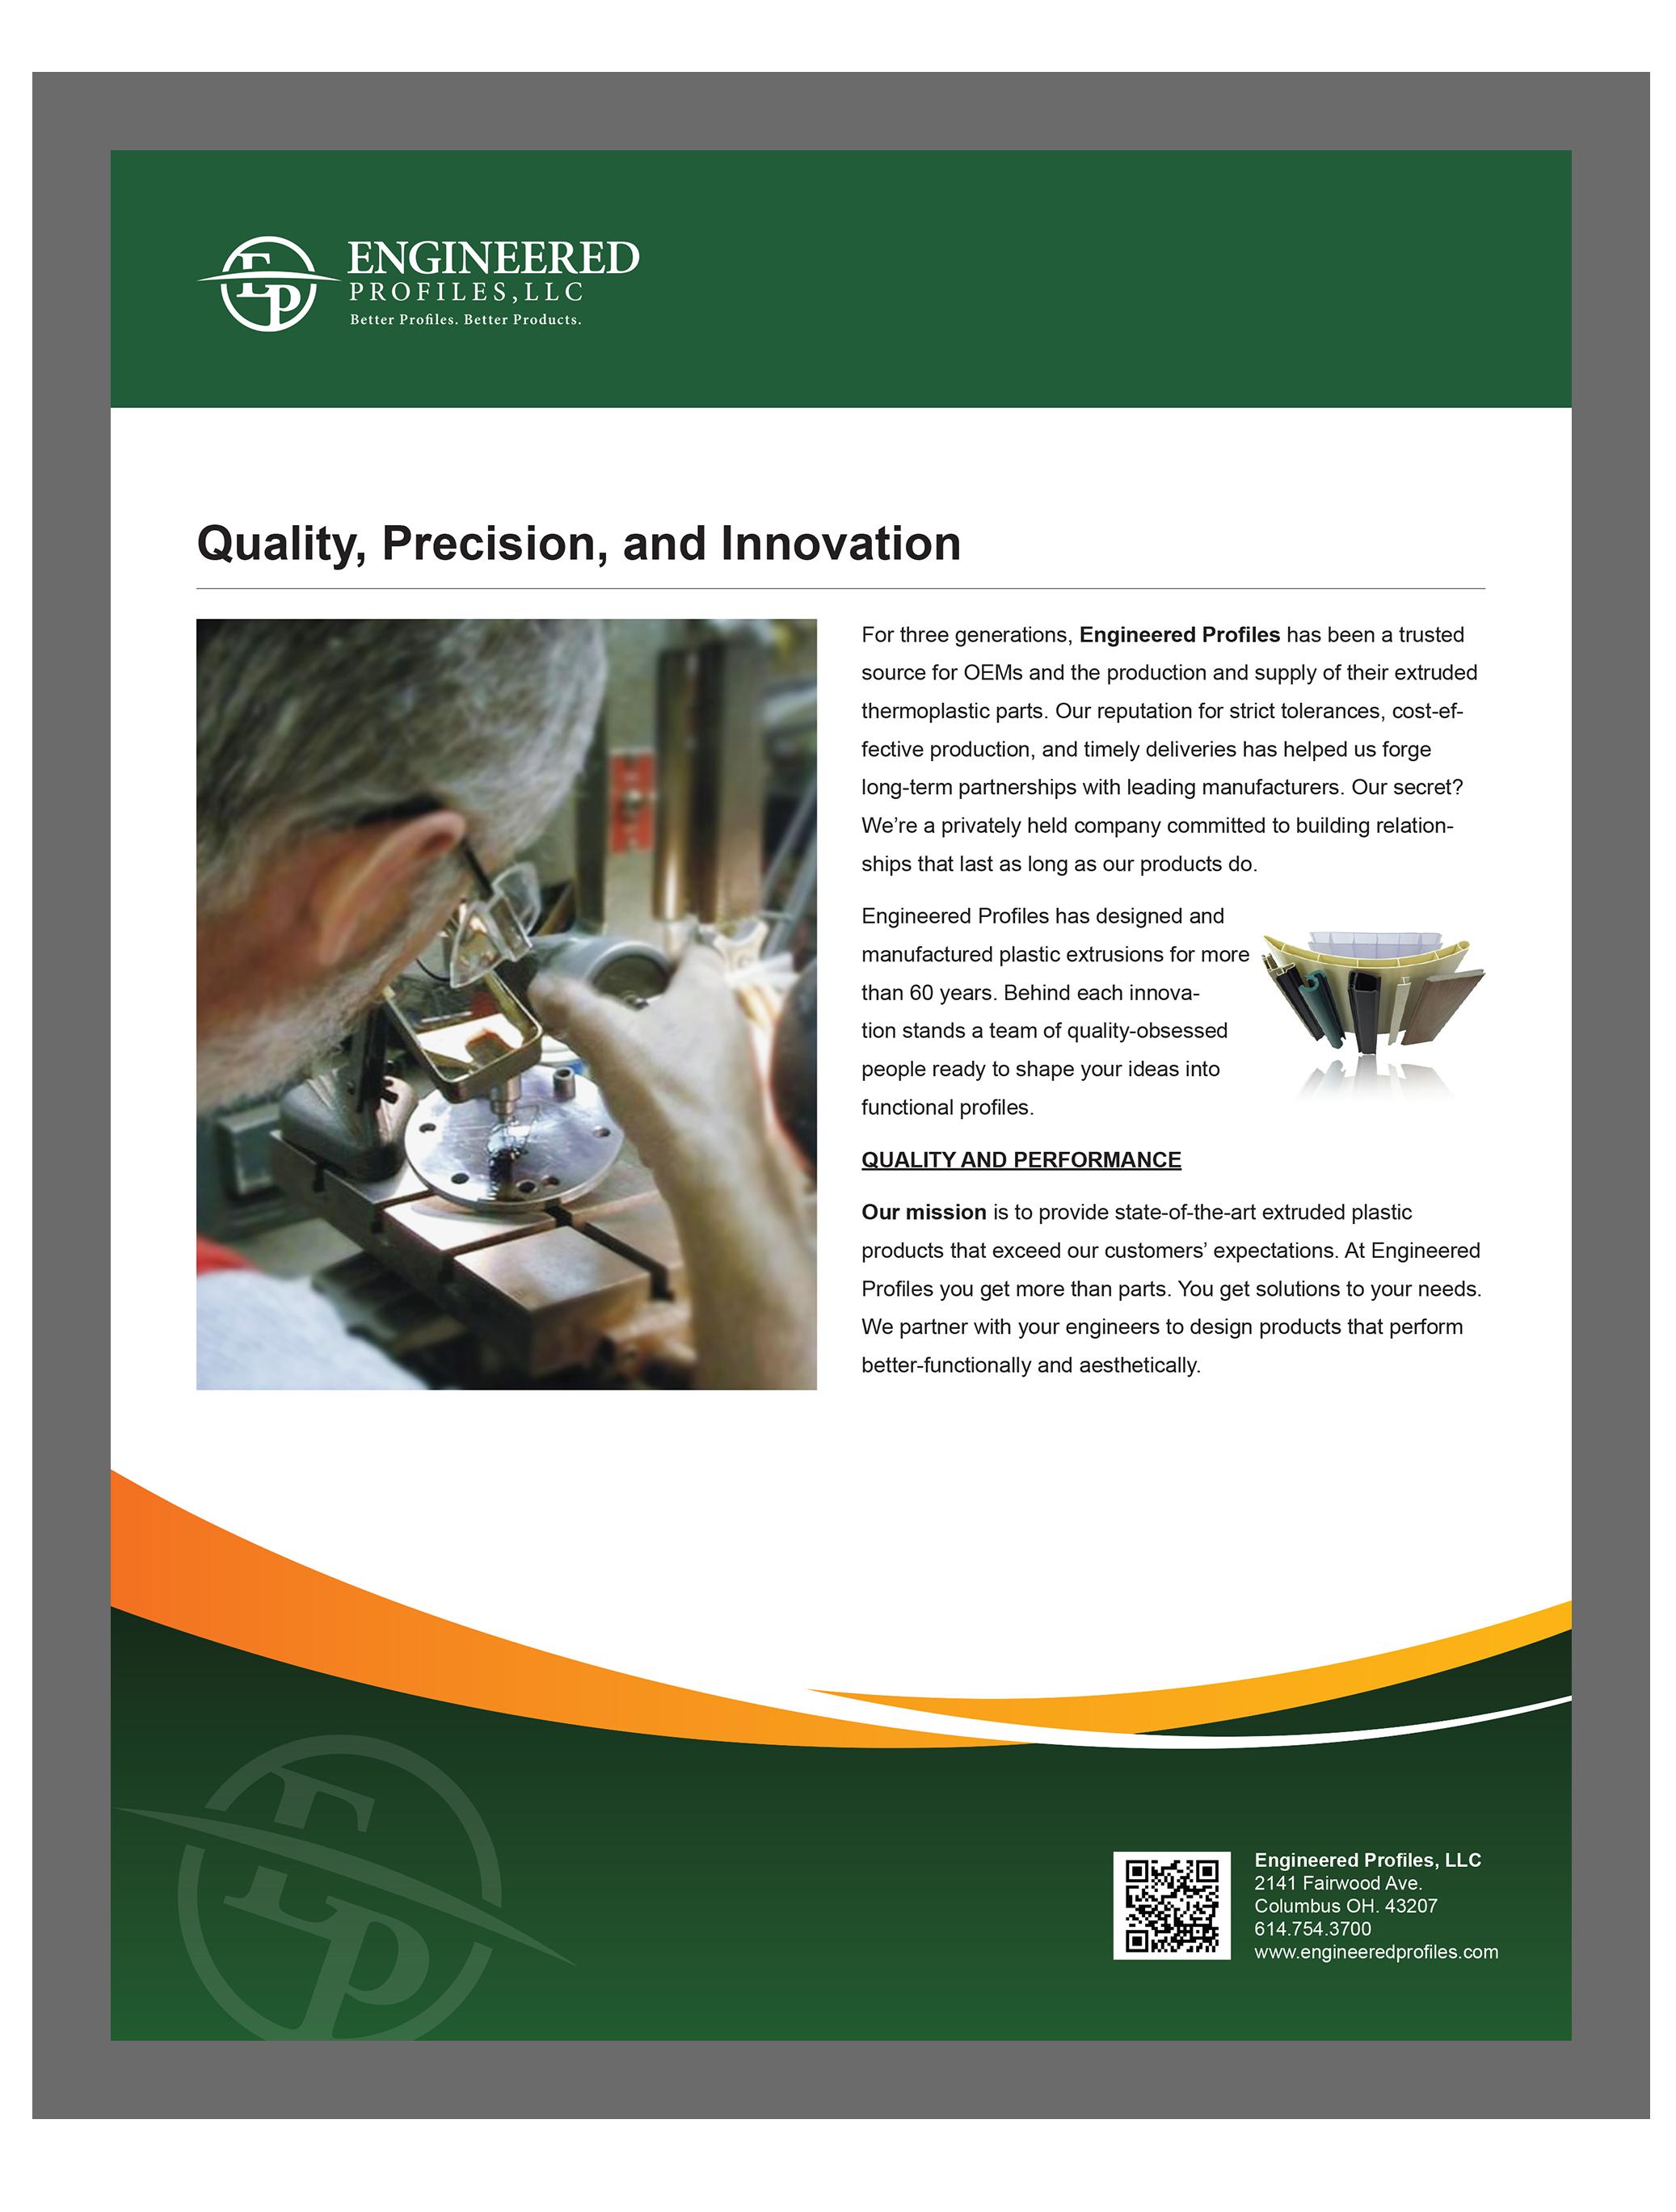 Engineered-Profiles_Brochure_Sep_2014
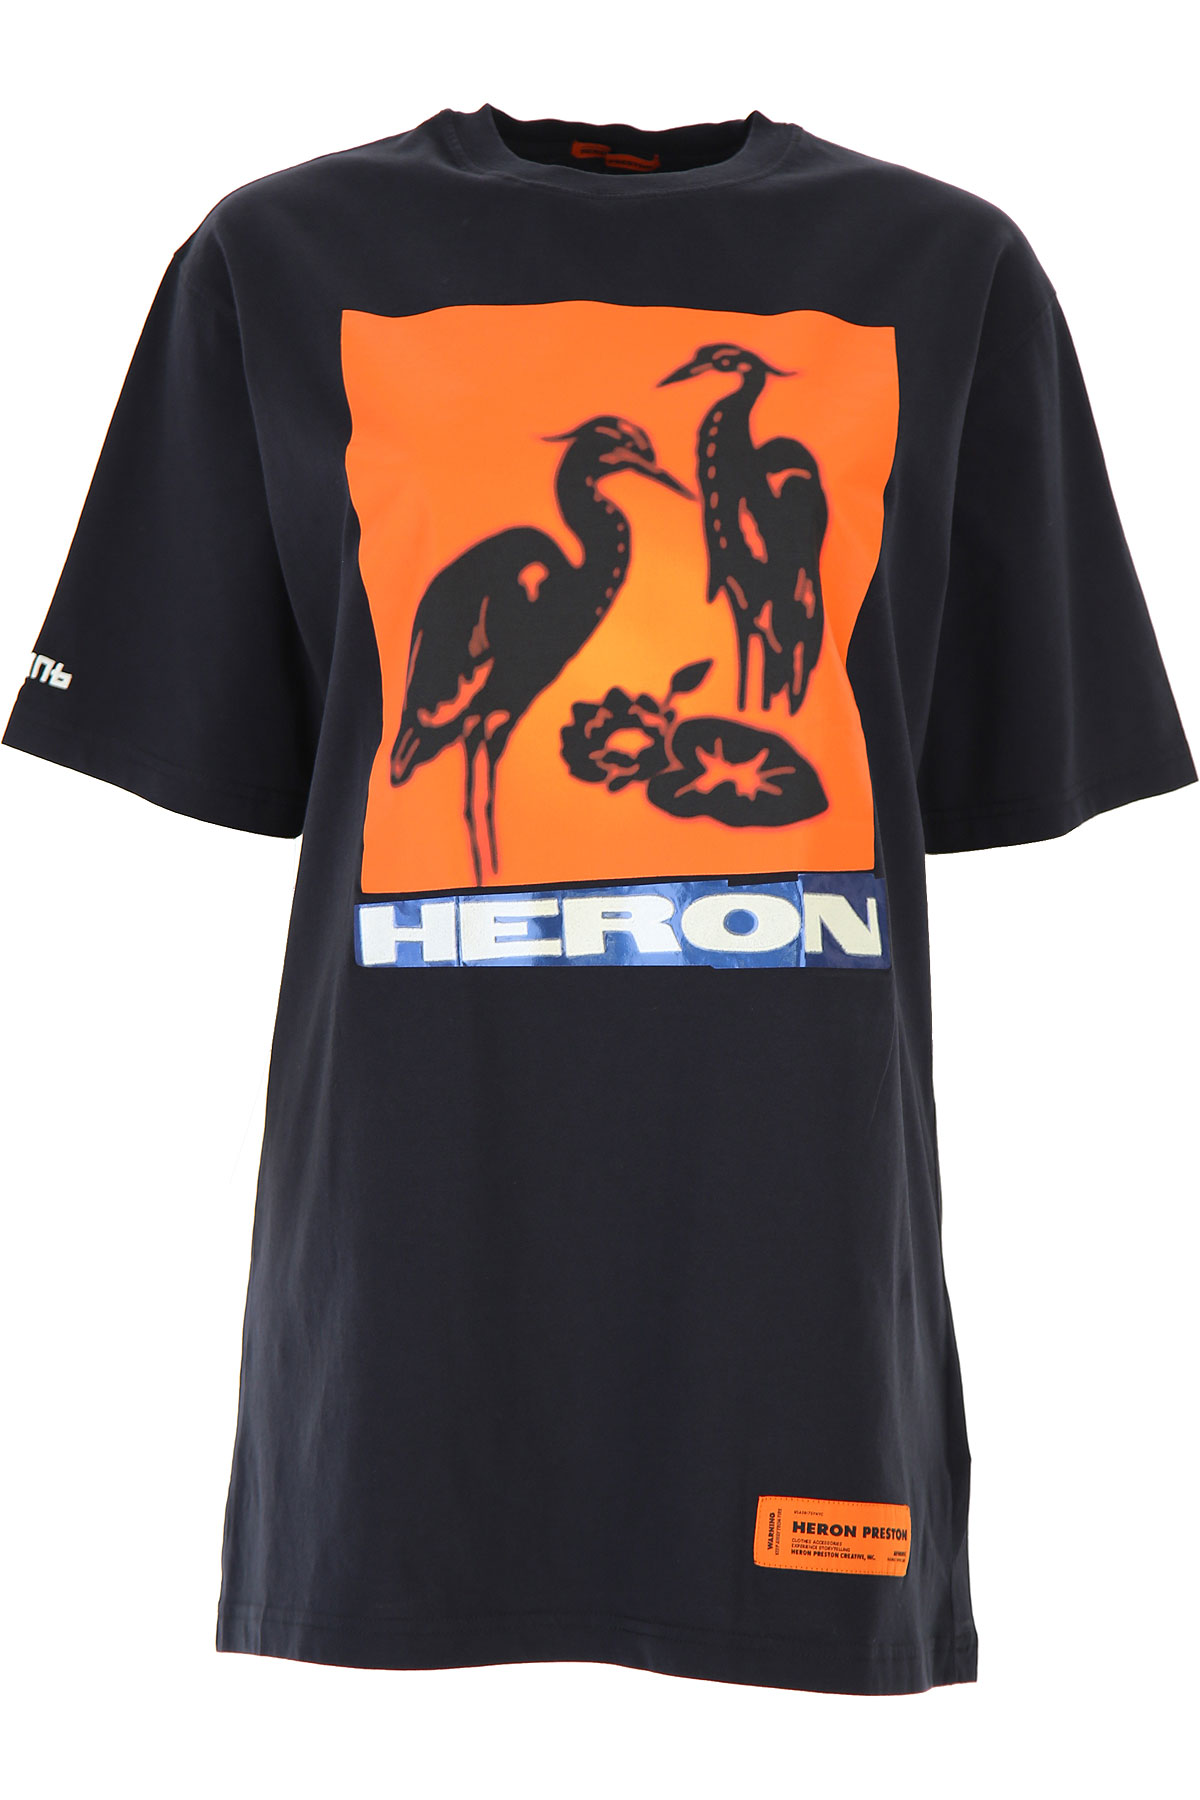 Heron Preston T-Shirt for Women On Sale, Black, Cotton, 2019, 2 4 6 8
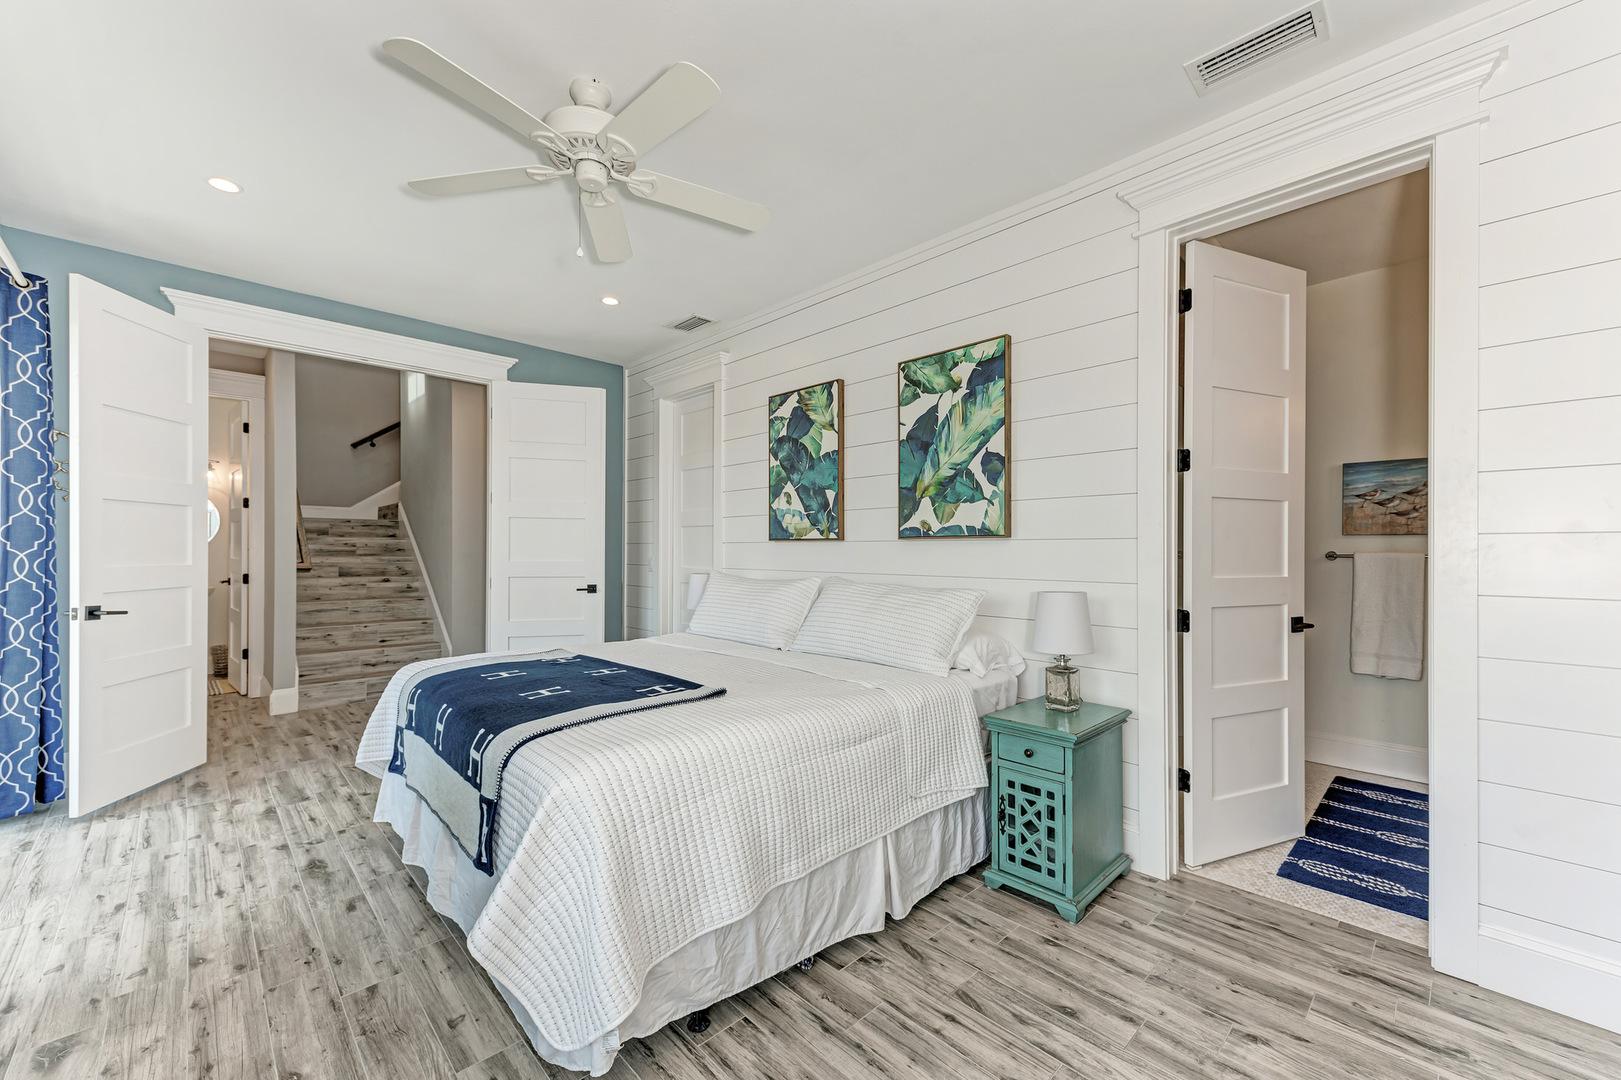 4 Sandpipers master bedroom alternate view

● ● ● ●

[WORK INSTRUCTION]: Everything in the data must be printed verbatim except the pictures.

[ANSWER FOR THIS EXERCISE]:
 Engineered-Profiles_Brochure_Sep_2014
 Heron Preston T-Shirt for Women On Sale, Black, Cotton, 2019, 2 4 6 8
 4 Sandpipers master bedroom alternate view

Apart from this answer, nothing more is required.